全ての家に火が付けられ、村の入り口では純白の鎧を身に纏った騎士達が獣人の少女を捕縛している。
少女は傷だらけで、体から血を流しとても危険な状態だ。
村人達は怯えた様子で座り込んでいる。
「卑しい獣を匿っていたとは、異端者共!貴様ら全員火炙りにしてくれる!
その前に、この獣をさっさと処理しなければ」
「お待ち下さい!その娘はまだ小さい子供です!どうか、どうかお見逃し下さい!」
「薄汚い異端者が私に触れるな!」
女性が騎士の隊長らしき人物にしがみつく。
騎士達は女性を殴り蹴るが、女性は掴んだまま離さない。
「ええい、もう処理しろ!」
「駄目!」
少女を捕縛していた騎士達が剣を引き抜き、少女に向かって振り下ろす。
俺は馬車から飛び出し、騎士達の首を斬り落とす。
少女を抱き上げすぐに魔法で治療をする。
「貴様!女神の寵愛を受ける我等を襲うとわ!」
「俺には女神の名を語り、無力な村人を襲う犯罪者の集団にしか見えないけどな」
「愚弄するとは!殺せ!」
隊長の命令で騎士達が動こうとするが、轟音と共にその頭が消滅する。
俺が振り返るとソフィがスナイパーライフルを構えながら手を振っているのが見えた。
すると突然、頭に鈍い痛みがする。
俺の頭に小型のナイフが突き刺さり、笑みを浮かべた隊長が立っている。
俺はナイフを引き抜き、結構いい物だったのでアイテムボックスに仕舞う。
死なない俺を見て、隊長は恐怖する。
「ち、近寄るな!化け物!」
「逃がすか!悪魔の逆十字架」
漆黒の魔法陣から、真っ黒な逆十字架が現れる。
空中に浮かぶ逆十字架から鎖が飛び、逃げようとする隊長を捕らえ縛り付ける。
「素晴らしい!何て素晴らしいの!」
「悪い子は大好きですよ」
「早く燃やそう!早く燃やそうよ!」
逆十字架の周りを3人の女性が飛んでいる。
「夜月様。
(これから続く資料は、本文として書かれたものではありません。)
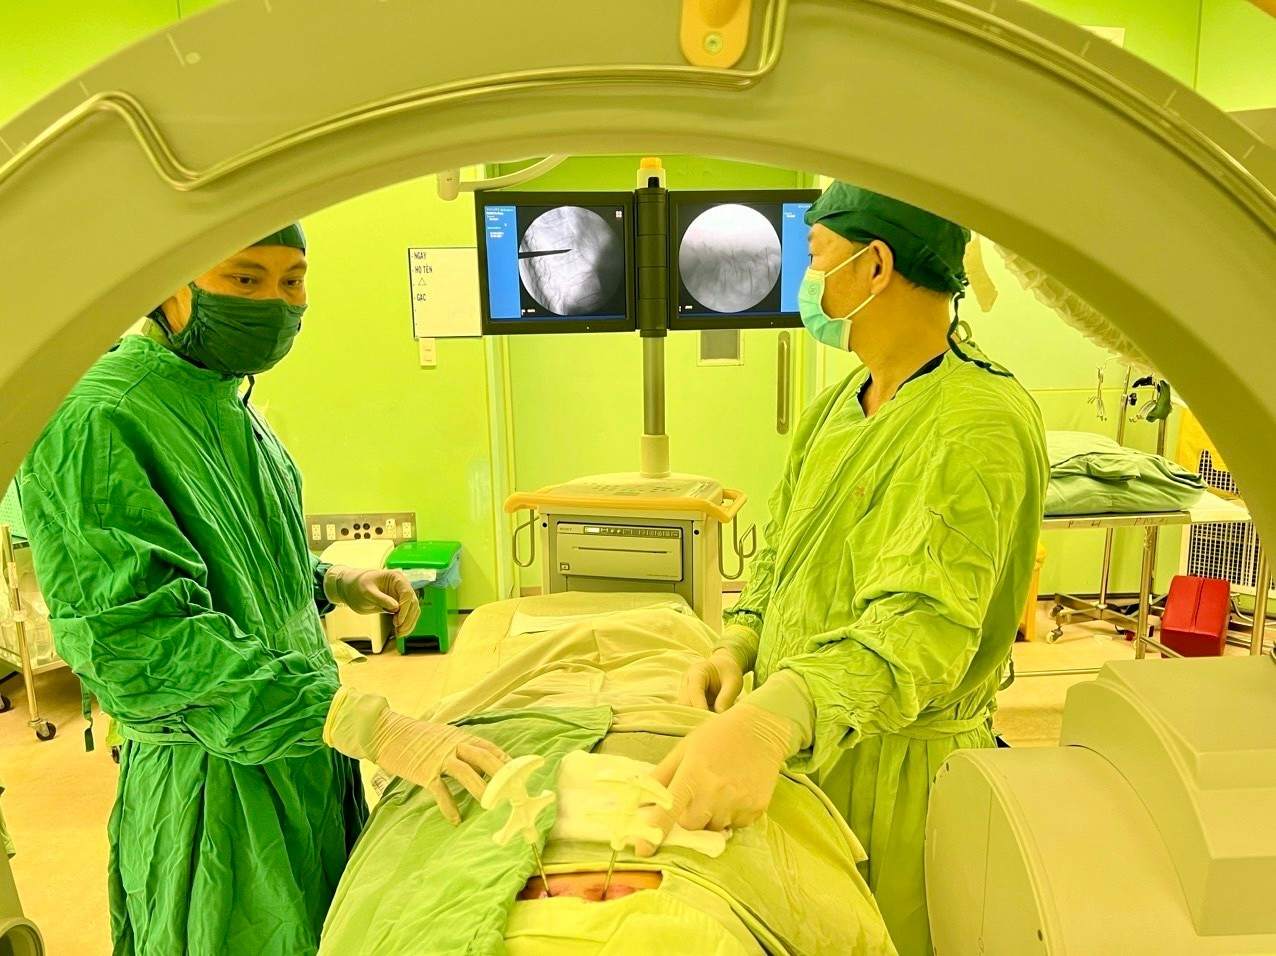 A group of people in green scrubs and masks in a hospital room

Description automatically generated

この度はこんなにいい物を下さり感謝します」
「いいんだ。それより、近々多くの人間をそっちに送るから」
「はい、楽しみに待っています!ゼナ、ユラ、行くわよ」
「助けて!助けてくれ!」
2人の女性が槍を虚空から出現させ、隊長の心臓に突き刺す。
その瞬間、突き刺された部分から黒い炎が吹き出す。
隊長は痛みと苦しみから絶叫し、3人の女性と共に消えた。